Mumbai Monsoon Relief: Powai Lake Overflows As Heavy Rainfall Ease Water Crisis After BMC’s 10% Cut Amid Low Reservoir Levels | Video

Mumbai Monsoon Relief: Powai Lake Overflows As Heavy Rainfall Ease Water Crisis After BMC’s 10% Cut Amid Low Reservoir Levels | Video

Heavy rainfall over the past two days caused Powai Lake in Mumbai to reach full capacity and overflow at 5.30 a.m. on Wednesday. The inflow also improved levels across the city's seven lakes, raising total storage to 1.03 lakh ML (7.18%). This has eased the water crisis, following BMC’s 10% water cut imposed in May amid low reservoir levels.
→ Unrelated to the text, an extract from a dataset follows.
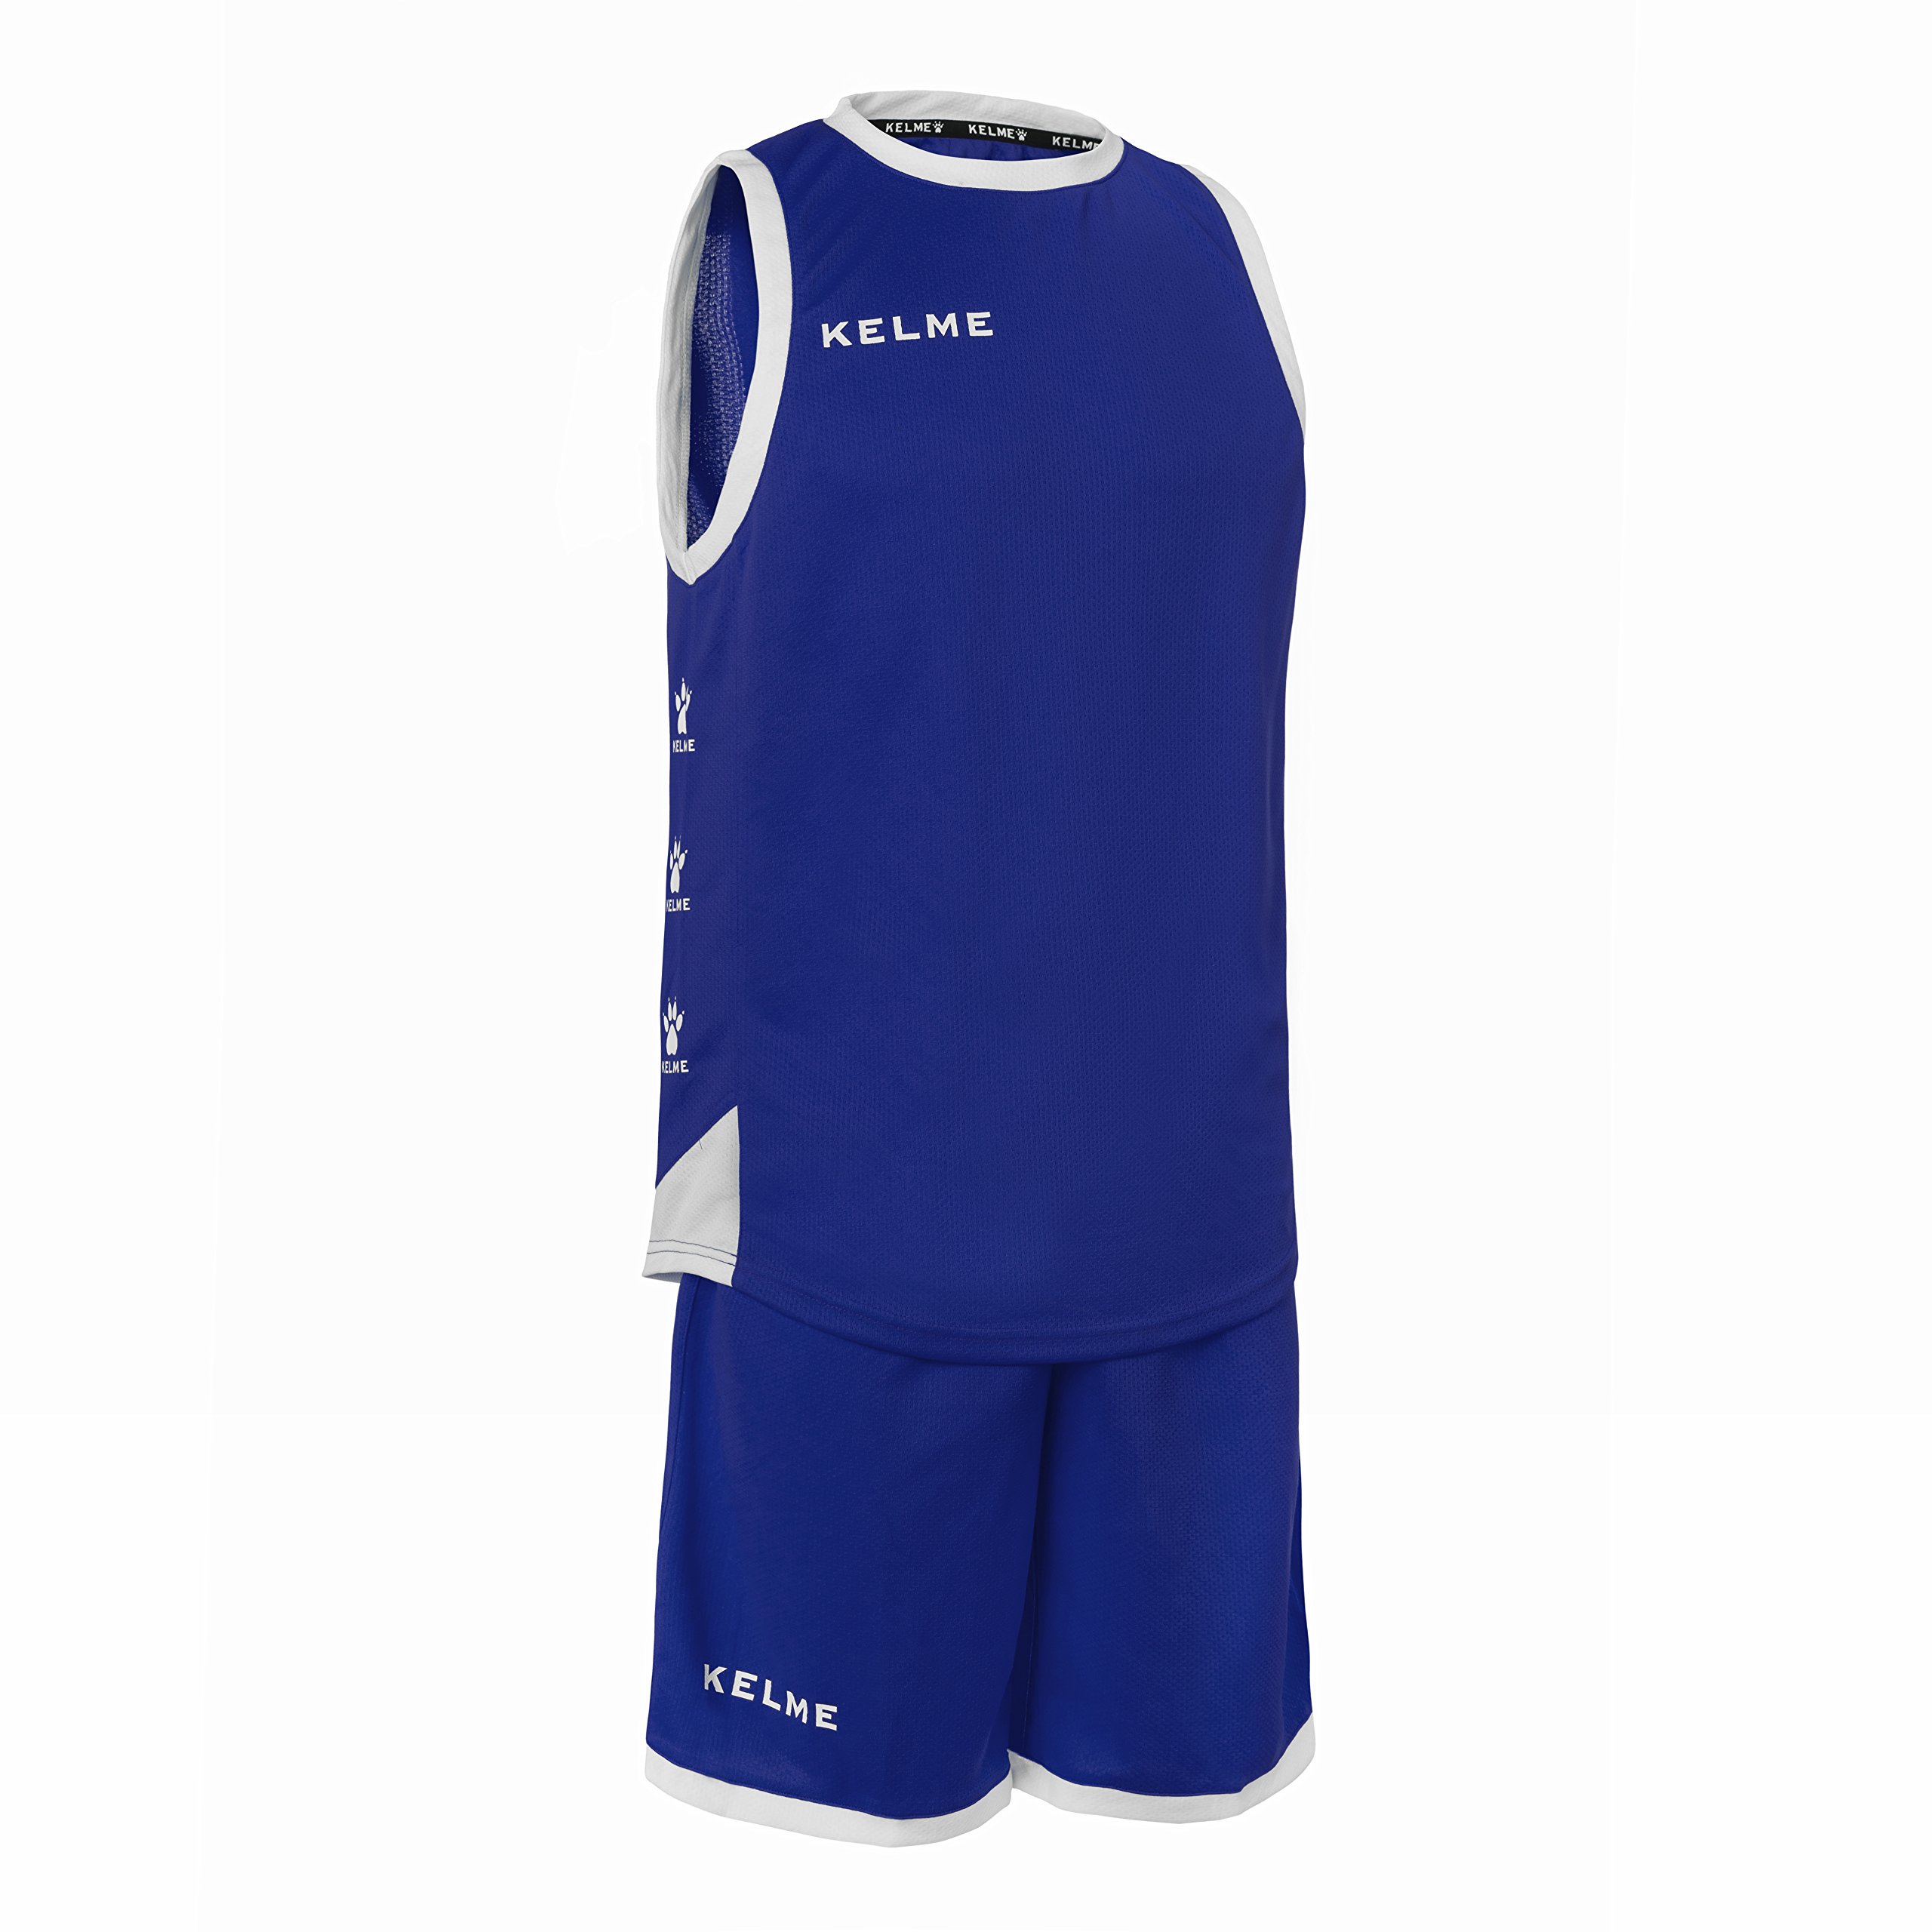 KELME 80803 - Basketball-Set Kinder XXL Blau (Royal)/Weiß

Shefali Parab-PanditUpdated: Wednesday, July 01, 2026, 11:48 AM IST
Mumbai Monsoon Relief: Powai Lake Overflows As Heavy Rainfall Ease Water Crisis After BMC’s 10% Cut Amid Low Reservoir Levels | Video
Mumbai Monsoon Relief: Powai Lake Overflows As Heavy Rainfall Ease Water Crisis After BMC’s 10% Cut Amid Low Reservoir Levels | Video | File pic

Mumbai: Following heavy rainfall over the past two days, Powai Lake, an artificial water body, reached its full storage capacity and began overflowing around 5.30 a.m. on Wednesday. The lake has a storage capacity of 545 crore litres and is used only for industrial and other non-potable purposes, including supplying water to the Aarey Milk Colony, civic officials said.

The overnight downpour also rekindled hopes of easing Mumbai's water crisis, with heavy rainfall across the catchment areas of the city's seven drinking water lakes boosting storage. The fresh inflows added nearly two days' worth of water, taking the total stock to 1.03 lakh million litres (ML), or 7.18% of the lakes combined capacity. The available water is now sufficient to meet the city's drinking water needs until August 20.

The improvement comes after the BMC imposed a 10% water cut across Mumbai and its suburbs from May 15 amid rapidly depleting lake levels. The civic body also suspended water supply to construction sites and swimming pools, froze new water connections and curtailed commercial water consumption. The BMC supplies about 4,100 ML of water daily, while a total storage of 14.47 lakh ML by October 1 is required to comfortably meet the city's annual drinking water demand.